Анна Арсеньевна не отвечала; он продолжал, уставившись в стену невидящими глазами, приоскалив рот в непривычной усмешке:
– Ты умница, умница… Послушай, я скажу тебе то, в чем боюсь признаться сам себе. Я очень люблю вас, тебя и Зоюшку. Если есть у меня немного счастья, так это вы. Не думай, что я не способен этим проникнуться… когда вижу ее в мотыльковом платьице среди цветов… ну и так далее. Но бывают мгновения – именно мгновения – я вдруг чувствую: мне никто и ничто не нужно – только довести до предела идею. Не потому что это принесет мне счастье. Какое! Тут речь вообще не о счастье. Тут черт знает что. Эх, Аннушка, – продолжал он негромко и с горечью, – знаешь ли ты, что в искусстве – да и в любом развитии мысли – может быть много бесчеловечного? В пределе своем это жестокая сфера, тут не станешь рассуждать, что позволено, а что нет, если хочешь дойти до конца, до совершенства. А то лучше и не замахиваться… И тянет, тянет… Начинаешь понимать, почему мы боимся стоять у края обрыва или перевешиваться через высокий подоконник. Не потому, что можем случайно упасть. А потому, что в себе самих осознаем этот соблазн: тянет. Ты, Аннушка, сама не знаешь, как сдерживаешь меня. Если б не ты, я б, и верно, вконец свихнулся. Прости. Не спрашивай за что, но прости.
Голос его совсем осел, ему приходилось то и дело смачивать горло слюной.
– Слышишь? – Он взглянул наконец на жену – и внезапно увидел, что она сидит на кровати, неудобно прислонясь боком и лицом к железной решетке спинки; лицо ее было совершенно белым. – Что с тобой? – испуганно подскочил он к ней. – Тебе нехорошо?
Анна Арсеньевна слабо качнула головой. Вокруг рта ее и на лбу выступил липкий холодный пот. Прохор Ильич помог ей улечься на подушку. Он беспомощно оглядывался, не зная, что еще предпринять.
– Дать тебе какого-нибудь лекарства? Нашатыря?
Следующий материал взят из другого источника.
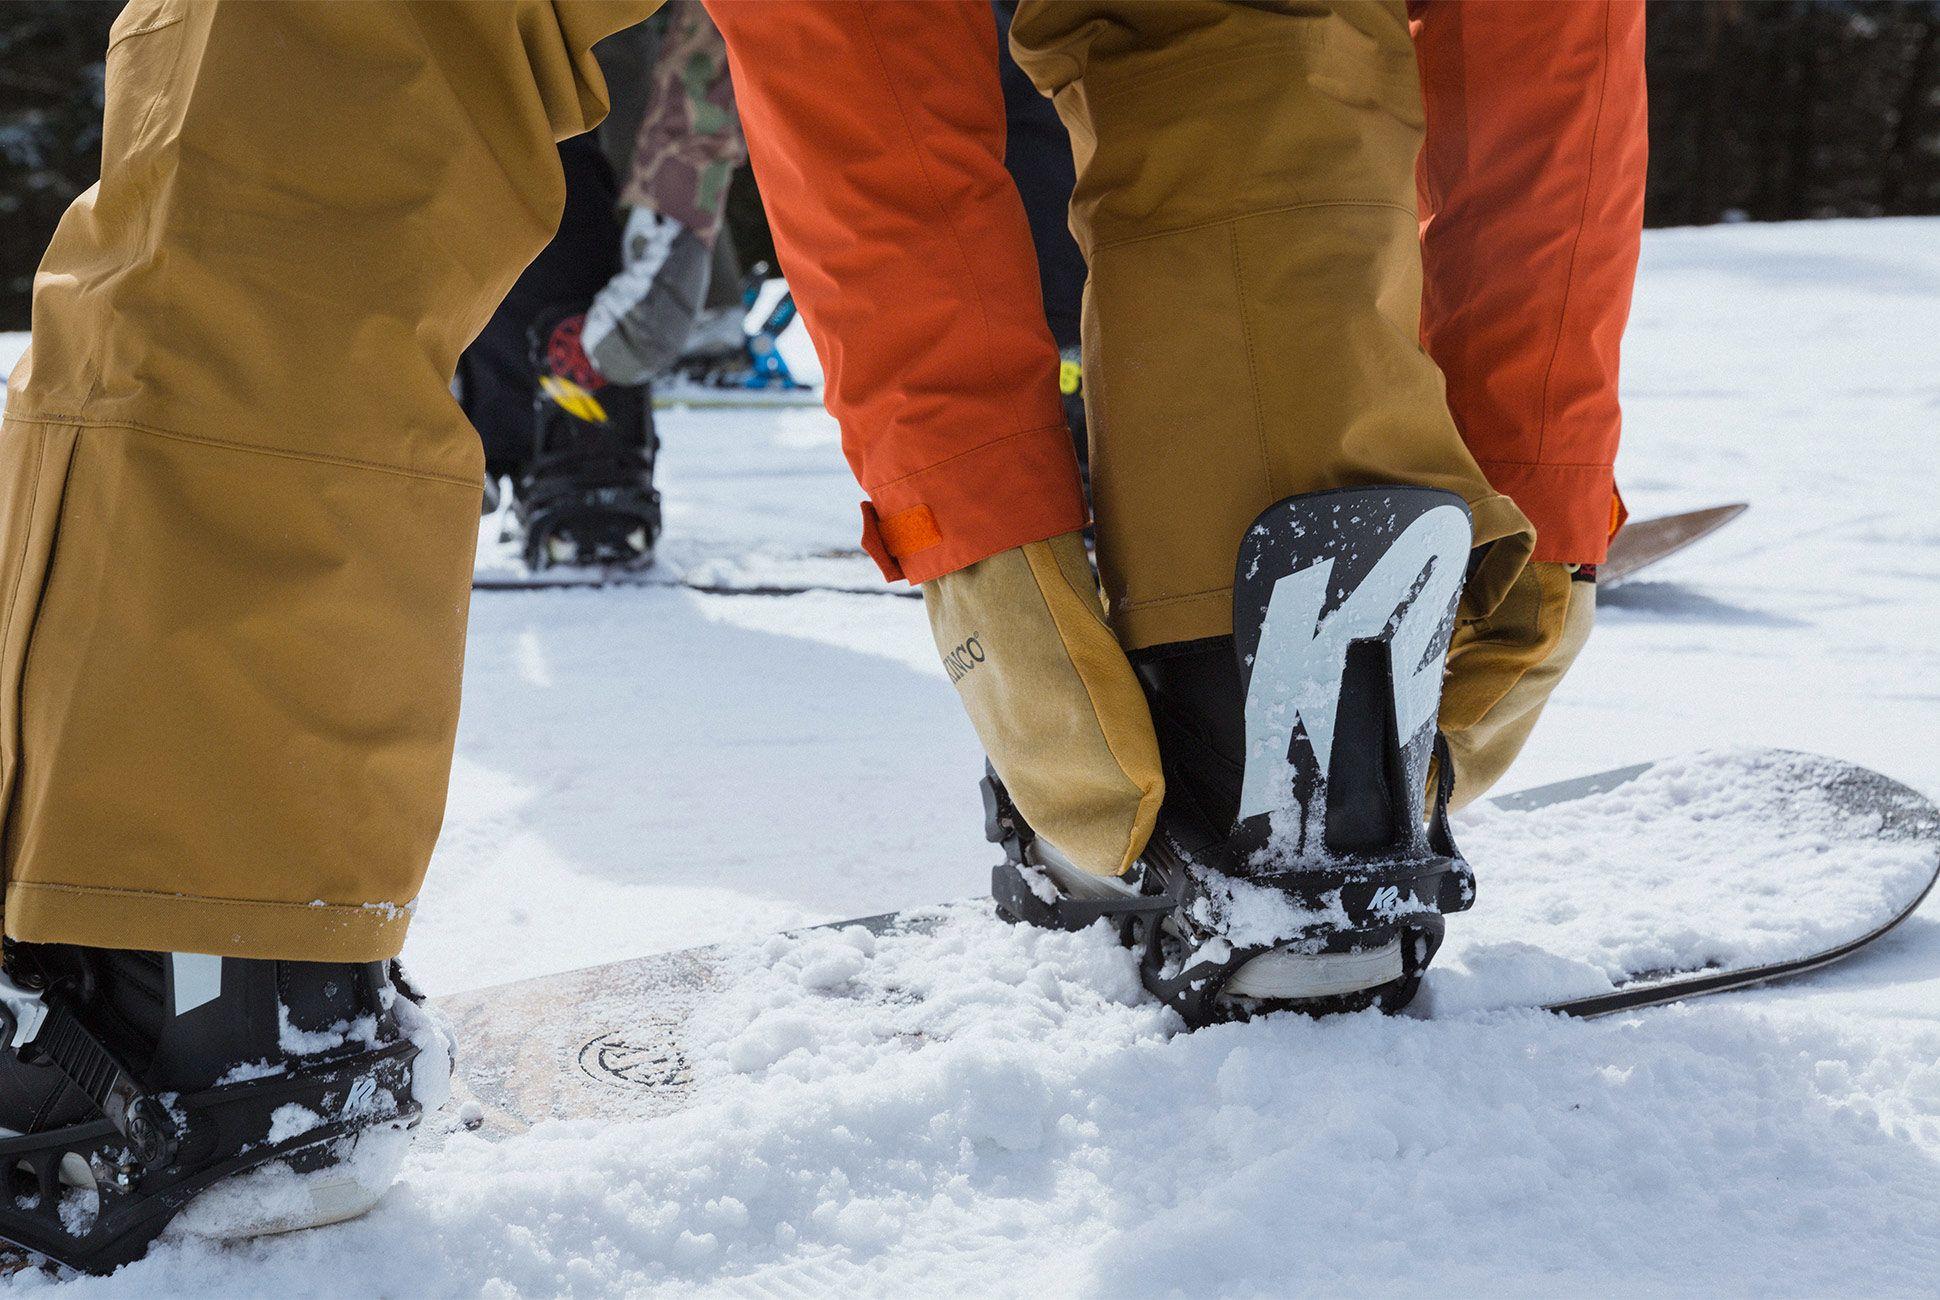 ultimate-ski-and-snow-gear-patrol-dakine-slide-2

Анна Арсеньевна покачиванием головы и движением руки дала понять, что ничего не нужно. В эту минуту погас свет; в Нечайске после полуночи нередко отключали электричество, особенно к концу месяца, когда принимались экономить энергию. Меньшутин даже обрадовался этому как поводу захлопотать о чем-то определенном. Он вышел за керосиновой лампой; через некоторое время из кухни донесся грохот опрокинутого таза, потом звон какого-то разбитого стекла. Наконец он вернулся, держа зажженную лампу перед собой. Каждый его шаг причудливо изменял очертания комнаты, тени образовывали новые углы, призрачные плоскости секли одна другую. Он поставил лампу не на стол, а на венский стул у изголовья, сам присел на краешек кровати. Анна Арсеньевна уже немного отошла, хотя испарина еще покрывала ее лицо; над верхней губой она образовала милые капельные усики, поблескивавшие в контрастном свете. Прохор Ильич запоздало спохватился принести еще воды и вновь исчез в темной кухне.
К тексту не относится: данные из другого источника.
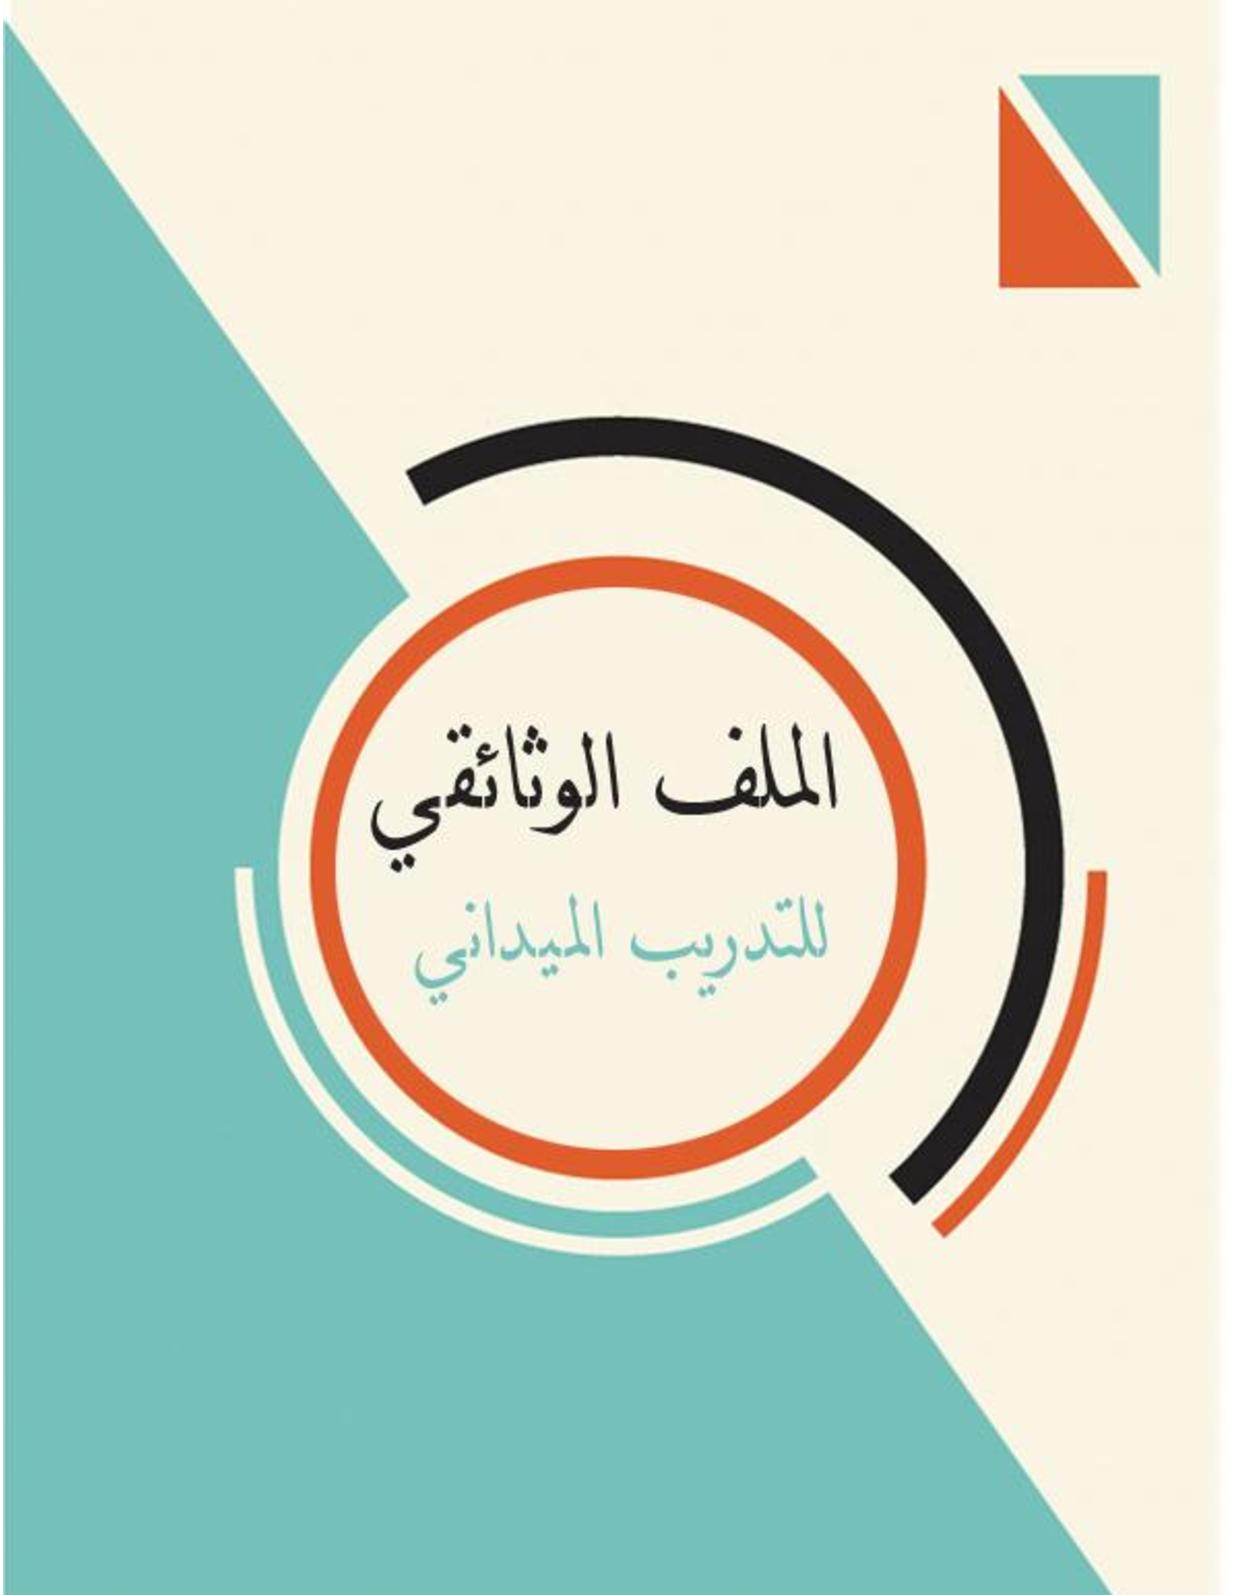 6ec9dadf3 Calaméo - ملف التدريب الميداني للطالبة فاطمة الزيدية 20162017

– Какая-то вдруг слабость накатила, – объяснила мужу Анна Арсеньевна, когда он, прогрохотав ведерной крышкой, появился перед ней со стаканом в руке. – Ни сердце, ничто не болело, просто слабость. Со мной так уже несколько раз было.
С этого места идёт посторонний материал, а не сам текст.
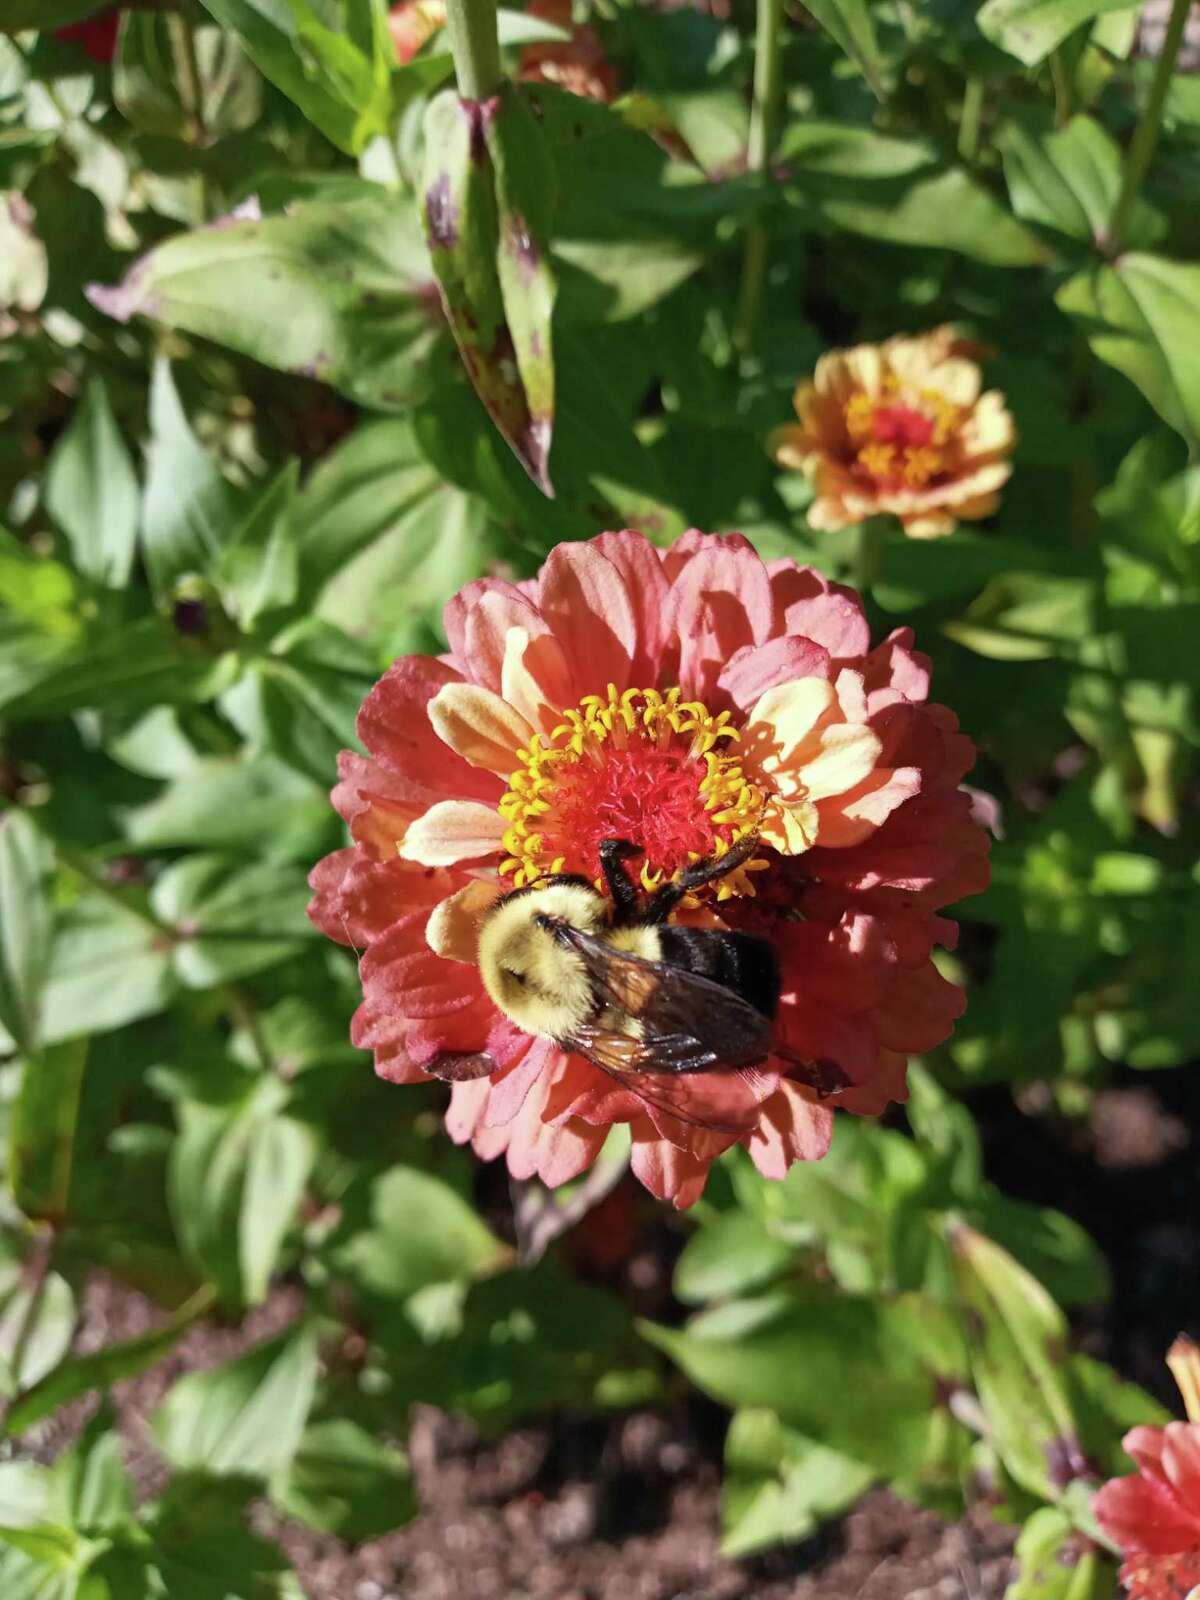 Close-up in garden.

– Почему ж ты не говорила?
– Так ведь ничего не болит. И потом проходит бесследно. У меня просто появилась какая-то мнительность. Словно мне кто-то внушает, что я долго не проживу.
– Ну, глупости!
– Конечно, глупости. Я стала ужасно беспокойной. Никогда не думала, что окажусь такой наседкой. Отпускаю Зоюшку за калитку, а сама места себе не нахожу. Вчера снился глупейший сон: будто она заболела и лежит под каким-то стеклянным колпаком, а я встречаю в коридоре медсестру и хочу узнать, как Зоя себя чувствует, – вдруг сестра отворачивается и начинает от меня убегать. А я за ней – и бегу, бегу по жуткому бесконечному коридору, мимо дверей из матового стекла, задыхаюсь… Проснулась, как сейчас, вся липкая.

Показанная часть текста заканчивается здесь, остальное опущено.